Two hundred years after the innovation of the midshipman, naval command was confronted with a new challenge: industrialization and steam.  With industrialization came increased organizational complexity.  To cope with increased complexity, military organizations of most western nations adopted a strategy of greater specialization: the commander came to rely on a growing group of officer specialists.[7]  The US Navy followed this general pattern and adopted a strategy of specialization, giving rise to two corps of officers: the operational and tactical 'line' and the technical specialists of the 'engineering corps'.  (see Figure 7)  But the decision to confine the two sets of leaders to their respective quadrants was not problem free, and resulted in considerable tension.

 

Figure 7:  Navy 19th Century Model: the Operational "Line" and the Technical "Engineer"

 

 

 

 

The rise of engineers prompted disputes with the 'line' regarding multiple problems, to include questions of ship design, bureaucratic organizational structures, finances, wardroom privilege, to name but a few. [8]  But the most vexing problem area was over the question of command: what would be the identity of the officer who would command, who would lead in battle?   Masland and Radway observed:  "The rise of these specialists produced a crisis over command at sea.  By sending his crew aloft, the captain had once controlled the movement of his vessel and confirmed his authority over his men...the rise of a separate corps of officers who alone understood its mysteries, by destroying this unity of knowledge, threatened to destroy unity of command…."[9]   The officer corps would struggle for a century over the questions of how much should a commander trust to his engineers and how much did the commander himself need to study and understand of the new engineering.

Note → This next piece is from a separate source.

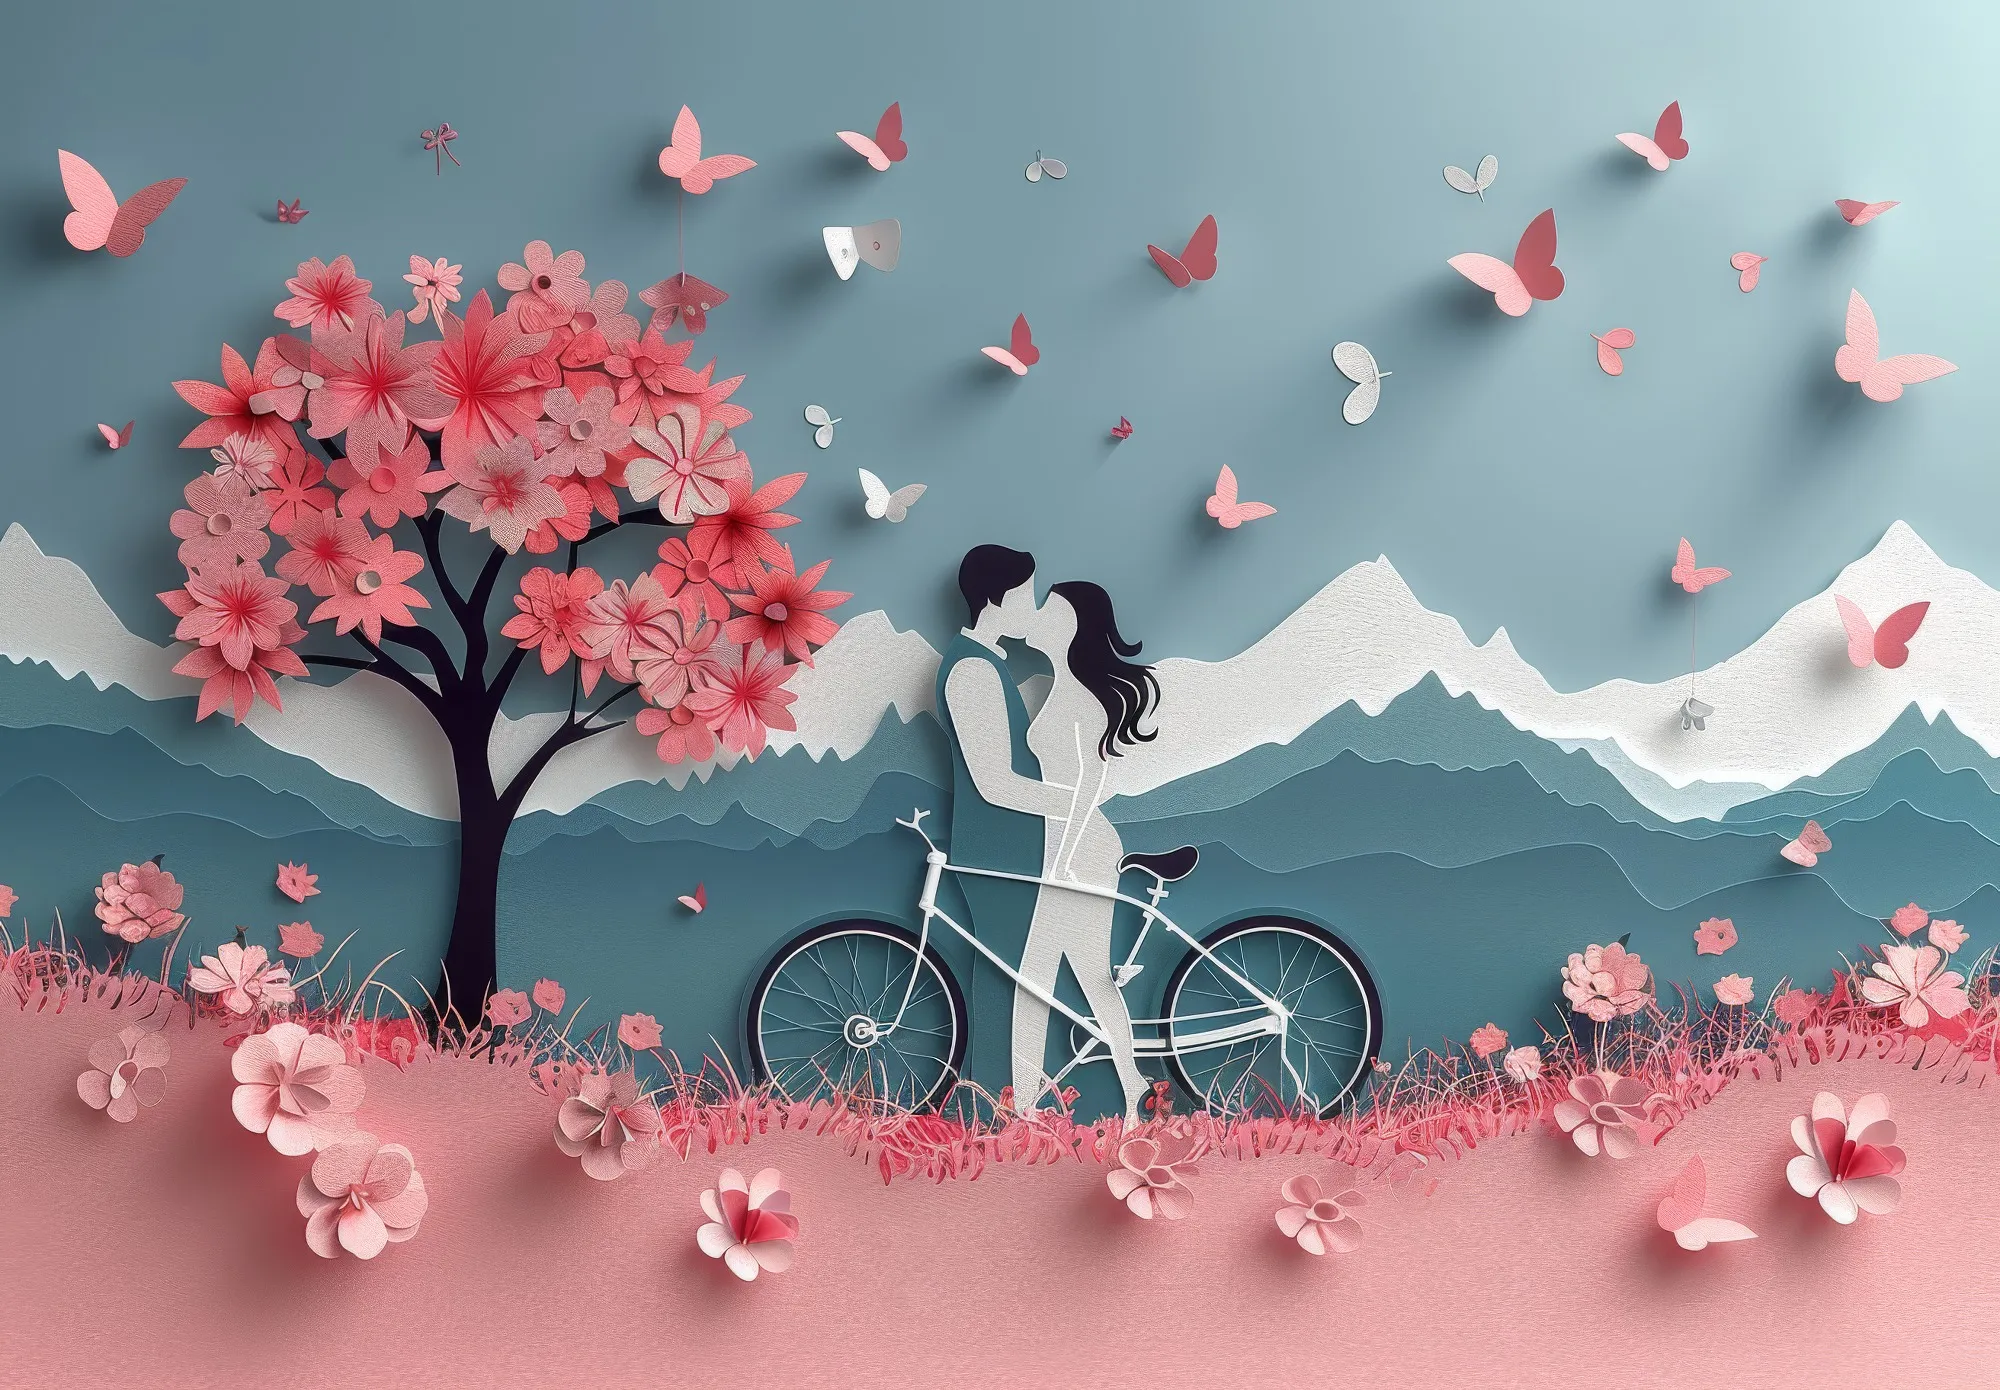 Frases de amor: hermosas y cortas frases: corazones hechos a mano y bicicleta con pareja.

            Alfred Thayer Mahan, perhaps best known as a naval strategist, devoted considerable attention to the implications fossil fuel machines might pose for 'line' officer education and development.  Mahan feared a resurgent form of 'technicism' in the personae of coal-dusted mechanics and their machines, which were then proliferating across America and the sea service.   A particular danger to the profession, Mahan warned in an 1879 essay, was if the Navy attempted to blur the lines between 'line' officers and the engineers.[10] 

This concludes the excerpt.